Patients with moderate-to-severe OSA had a higher prevalence of cardiometabolic comorbidities, including HT, DM, CAD, HF, and chronic obstructive pulmonary disease, as well as depression and restless legs syndrome (all P < 0.001; Table 3). No significant between-group differences were observed for arrhythmia, cerebrovascular disease, asthma, hypothyroidism, or malignancy.

Factors Independently Associated with Moderate-to-Severe OSA

In multivariable logistic regression analyses (Table 4, Figure 2), increasing age, male sex, and higher BMI remained strong independent predictors of moderate-to-severe OSA across all models. After full adjustment, snoring, witnessed apneas, and nocturnal dyspnea were independently associated with moderate-to-severe OSA, whereas ESS score and nocturia were not. Cardiometabolic comorbidities did not retain independent associations with disease severity in the fully adjusted model.

DISCUSSION

Principal Findings

In this large, nationwide, multicenter sleep clinic cohort, moderate-to-severe OSA had a distinct clinical profile characterized by older age, male sex, and increased general and central adiposity. These demographic and anthropometric features remained the strongest independent predictors of disease severity, even after comprehensive adjustment for symptoms and comorbidities. In contrast, subjective daytime sleepiness showed limited discriminatory value once objective risk factors and nocturnal symptoms were considered.

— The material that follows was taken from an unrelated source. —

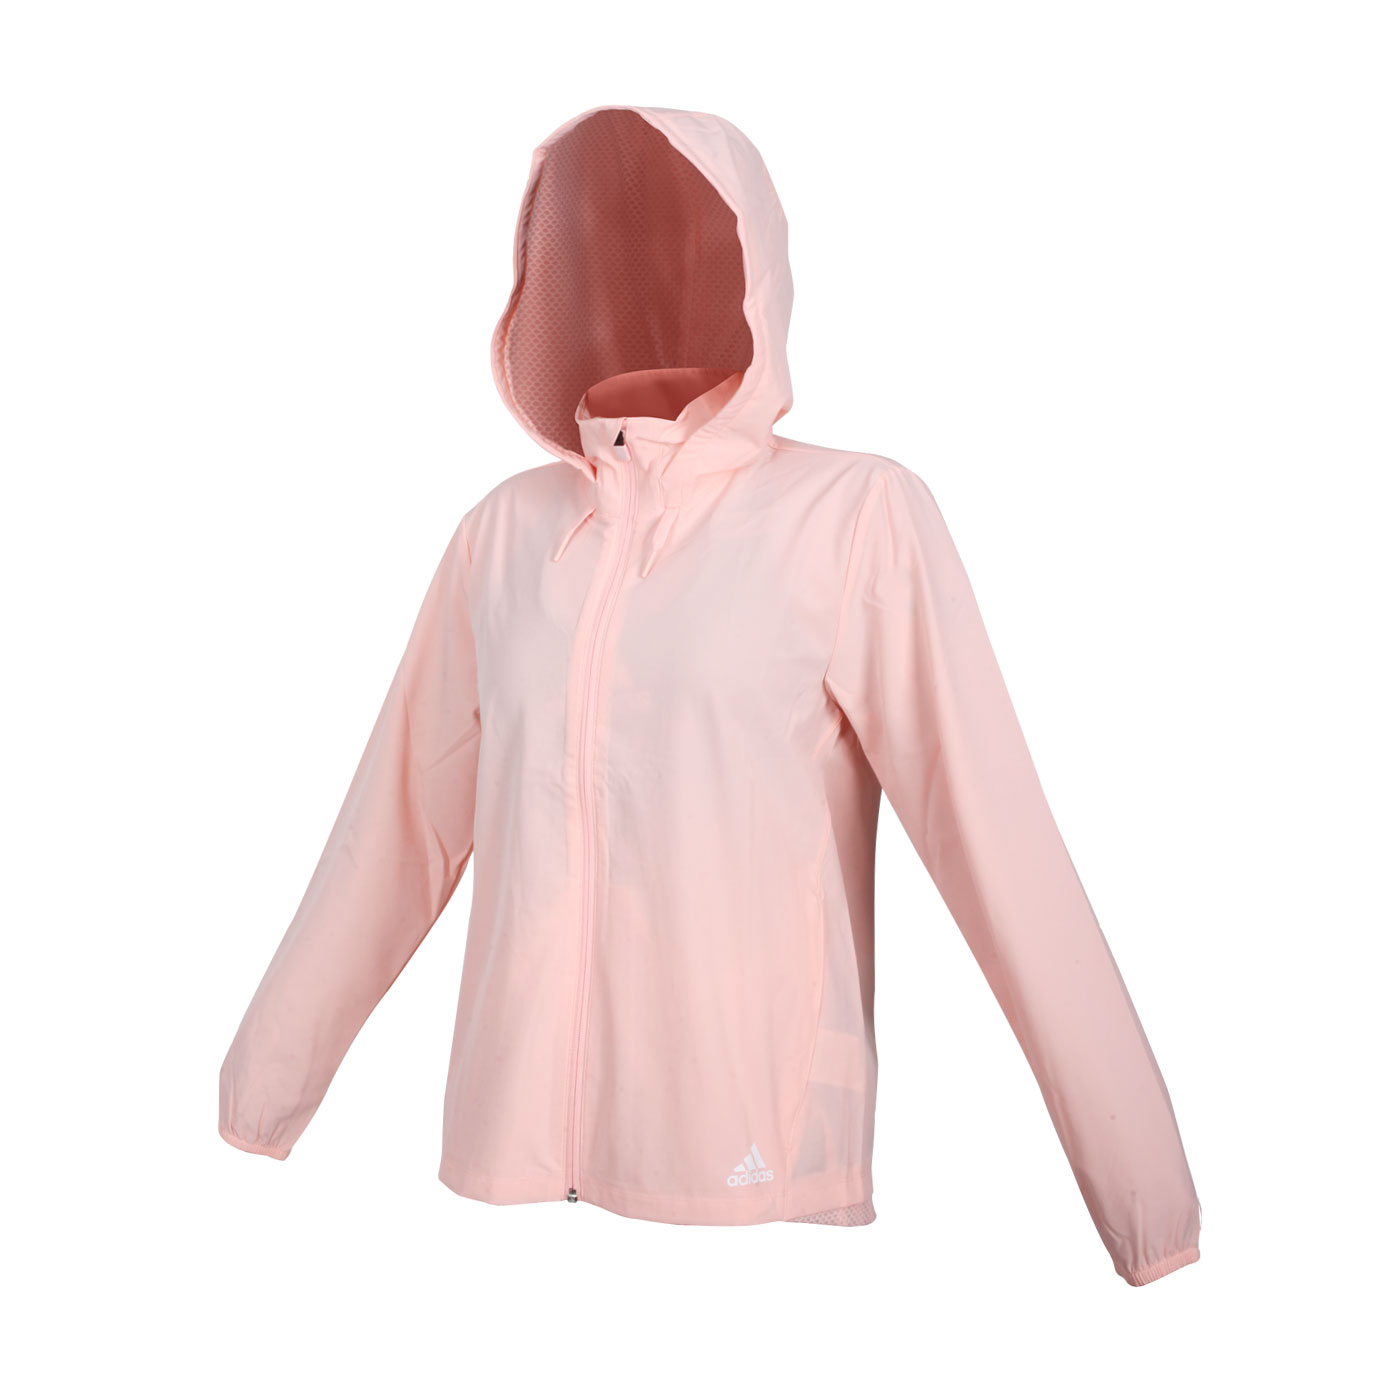 ADIDAS 女款長袖連帽外套 GQ5192 - 粉橘

Demographic and Anthropometric Correlates of Obstructive Sleep Apnea Severity

The strong associations between advancing age, male sex, and moderate-to-severe OSA observed in the present study are consistent with prior population-based and clinic-based investigations.²^,³^,¹⁰ Age-related changes in upper airway anatomy, neuromuscular control, and ventilatory stability, together with sex-specific differences in fat distribution and airway collapsibility, are likely to underlie these associations.²^,³^,¹⁰^,¹⁹

Obesity emerged as a central determinant of disease severity, in line with extensive evidence linking increased body mass to upper airway narrowing and collapsibility. Beyond BMI, patients with moderate-to-severe OSA had larger neck, waist, and hip circumferences, underscoring the importance of central and peripheral adiposity. Prior imaging and physiological studies have demonstrated that fat accumulation in cervical and abdominal regions contributes to reduced lung volumes and mechanical loading of the upper airway, thereby exacerbating airway instability during sleep.^20-22 Collectively, these findings reinforce the clinical relevance of anthropometric assessment when evaluating OSA severity in routine practice.

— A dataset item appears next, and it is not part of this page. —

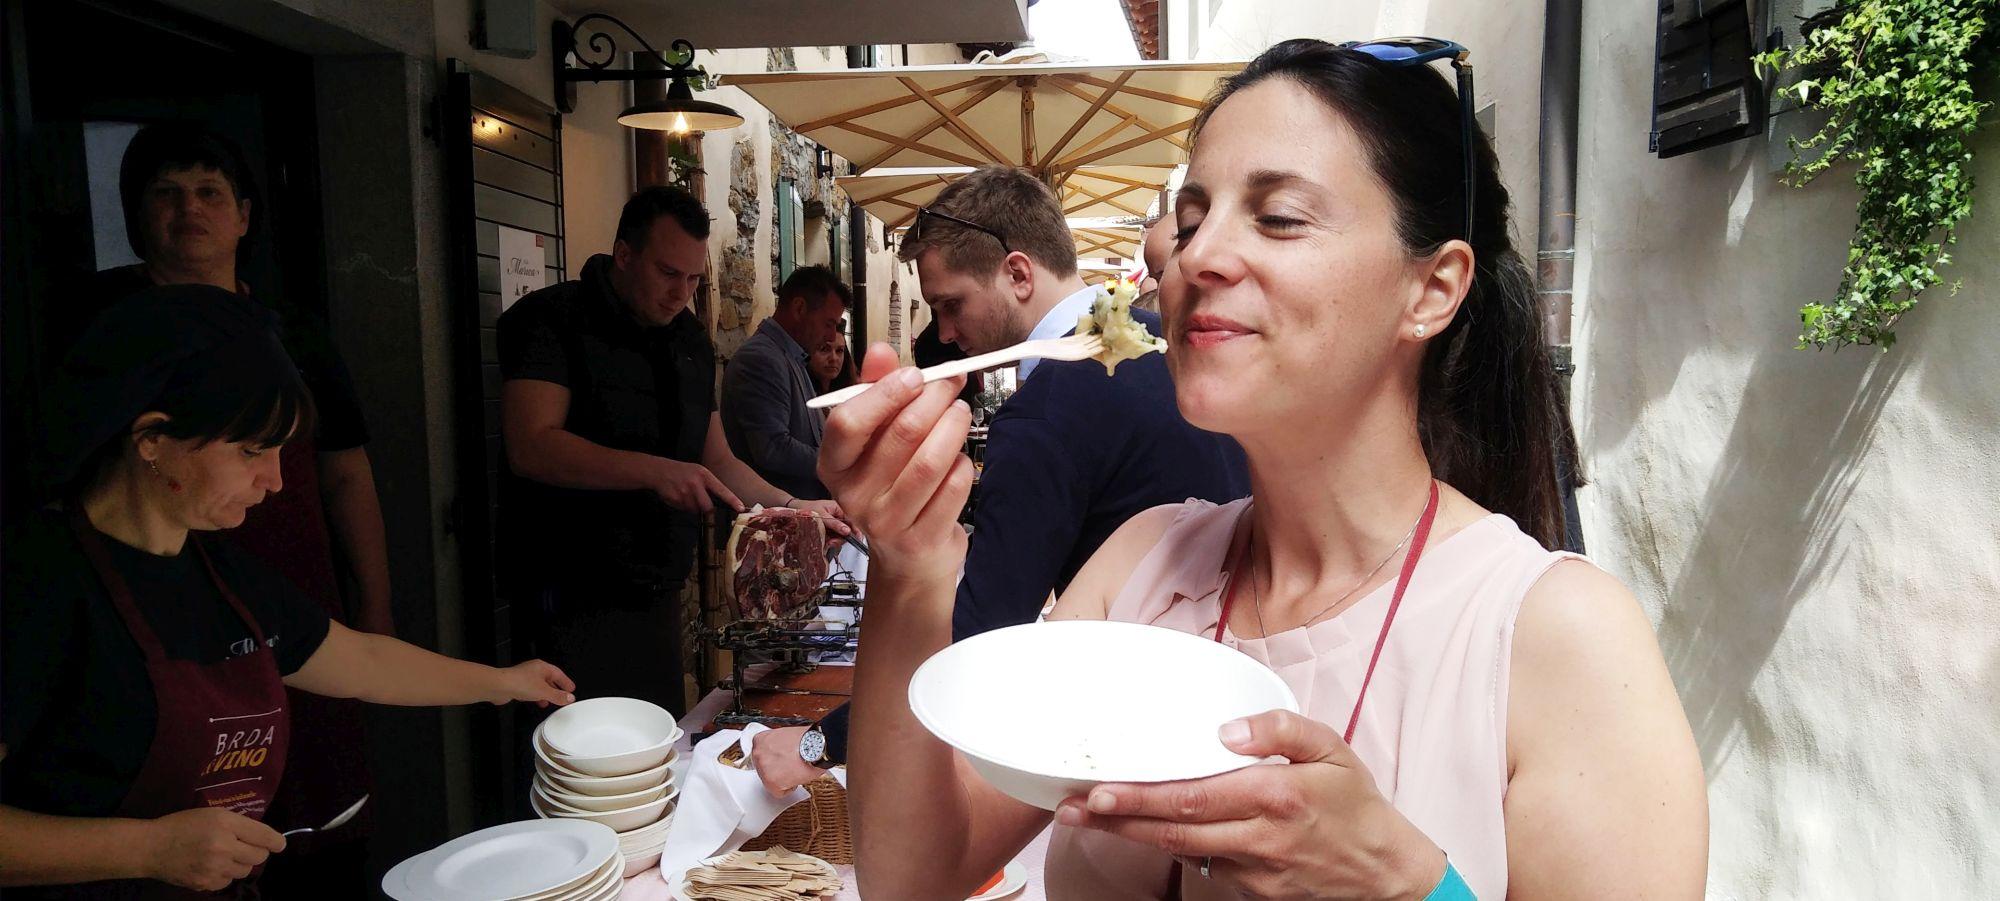 Denise of Wine Dine Slovenia enjoys some food at BRDA&VINO food and wine festival

Sleep Architecture, Hypoxemia, and Symptom Burden

Patients with moderate-to-severe OSA demonstrated greater respiratory event burden, more pronounced nocturnal hypoxemia, and increased sleep fragmentation, consistent with earlier polysomnographic studies linking disease severity to disrupted sleep continuity.²³ The observed shift toward lighter sleep stages and relative reduction in slow-wave and REM sleep aligns with experimental and clinical data showing preferential suppression of restorative sleep in the presence of recurrent respiratory events and arousals.²³^,²⁴

Indices of nocturnal hypoxemia appear to play a particularly important role in shaping the clinical symptom burden. Prior work has suggested that measures such as oxygen desaturation index and cumulative hypoxemic exposure may correlate more closely with daytime impairment than AHI alone.²⁵ In agreement with this concept, patients with moderate-to-severe OSA in the present study reported higher rates of daytime sleepiness, fatigue, impaired concentration, and sleep-related accidents, supporting the clinical relevance of hypoxemia-driven sleep disruption.²⁵^,²⁶

Subjective Sleepiness and Disease Severity

Despite higher ESS scores and a greater prevalence of EDS among patients with more severe OSA, subjective sleepiness did not remain independently associated with moderate-to-severe disease after multivariable adjustment. This finding corroborates previous observations that subjective sleepiness alone is an imperfect marker of OSA severity and may be influenced by interindividual differences in arousal threshold, sleep perception, comorbid conditions, and adaptive mechanisms.²⁵^,²⁷ These results highlight the limitations of relying solely on subjective sleepiness when stratifying disease severity and underscore the importance of integrating objective risk factors with nocturnal symptom profiles.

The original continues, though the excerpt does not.